OpenGL ES 3.0
OpenGL ES is a simplified version of OpenGL, it eliminates redundancy, providing both ⼀ easy-to-learn and easier to implement the library in the mobile graphics hardware.
OpenGL ES 3.0 to achieve a graphics pipeline having a programmable shader functions, composed of two specifications: OpenGL ES 3.0 API Specification 3.0 and OpenGL ES shading language specification (OpenGL ES SL). The following figure shows OpenGL ES 3.0 graphics pipeline.
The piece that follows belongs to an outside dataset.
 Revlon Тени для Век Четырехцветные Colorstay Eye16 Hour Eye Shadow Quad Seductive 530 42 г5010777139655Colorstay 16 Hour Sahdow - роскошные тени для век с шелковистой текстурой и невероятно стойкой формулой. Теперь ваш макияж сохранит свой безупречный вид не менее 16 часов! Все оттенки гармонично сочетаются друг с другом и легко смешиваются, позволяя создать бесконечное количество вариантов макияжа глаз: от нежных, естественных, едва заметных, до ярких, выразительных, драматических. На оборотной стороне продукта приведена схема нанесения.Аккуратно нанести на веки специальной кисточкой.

FIG yellow background filled with a block representation of programmable pipeline stage in OpenGL ES 3.0.
1. The vertex shader
Vertex shader implements a general purpose programmable vertex method of operation.
Input vertex shader comprises:
- Shader program - Description vertex shader program code for performing an operation on the source or executable file vertex.
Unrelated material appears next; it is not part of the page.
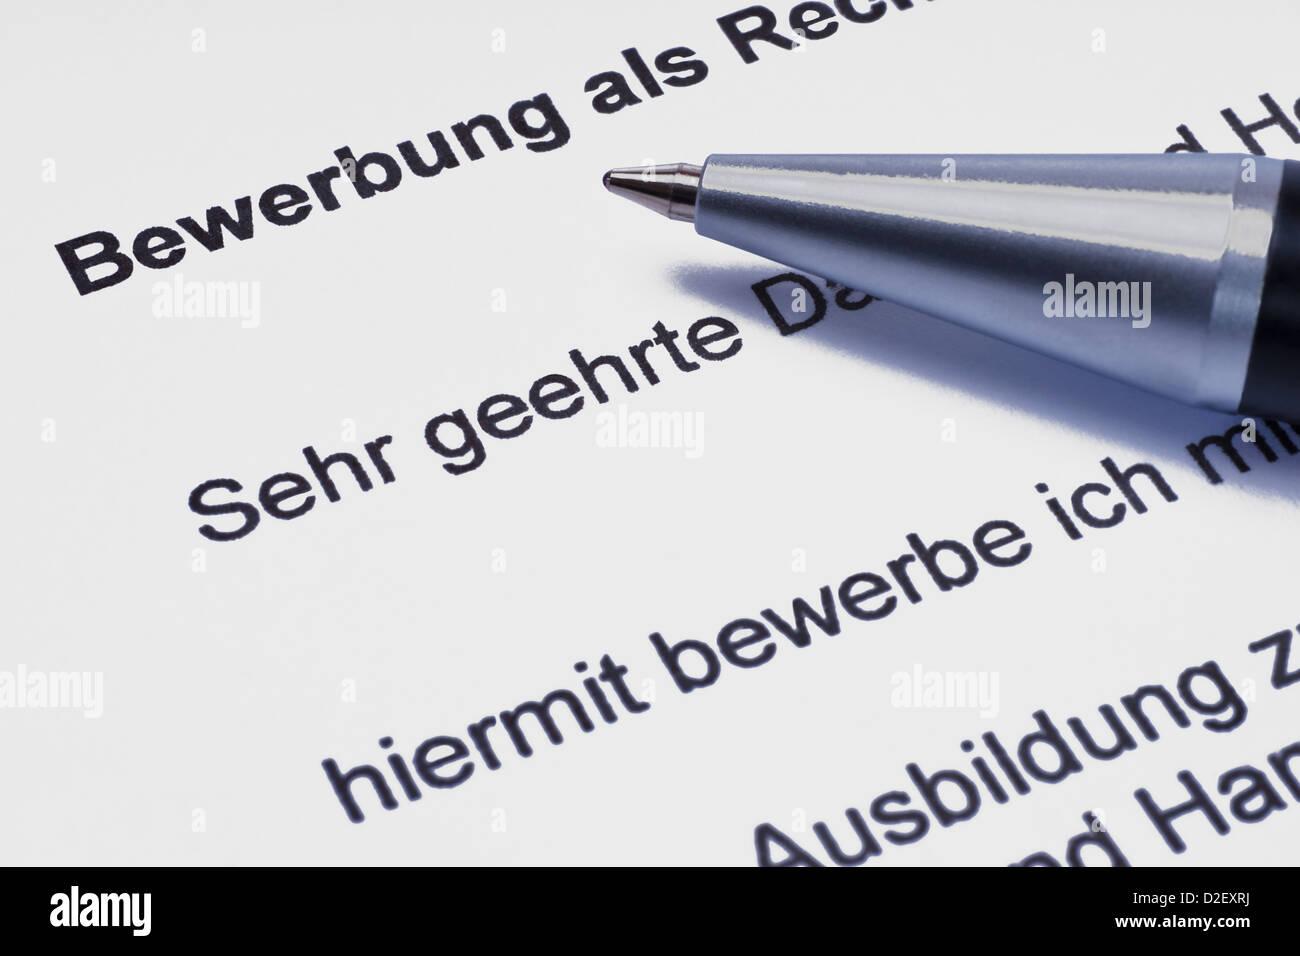 Eine Bewerbung Ein Stift Liegt Dabei Ein Bewerbungsschreiben

- Vertex shader input (or attribute) - vertex data of each vertex in the array provided.
- Unified variable (uniform) - the vertex (or fragment thereof) of the constant data shader.
Sampler - a variable that represents a specific type of uniform texture vertex shader.
Output variable vertex shader, rasterization stage in FIG COMPUTATIONAL calculating vertex shader output vertex values generated for each segment, and as input to the fragment shader. For each primitive is assigned to the vertex of vertex shader output generating mechanisms each segment value is referred to 插值.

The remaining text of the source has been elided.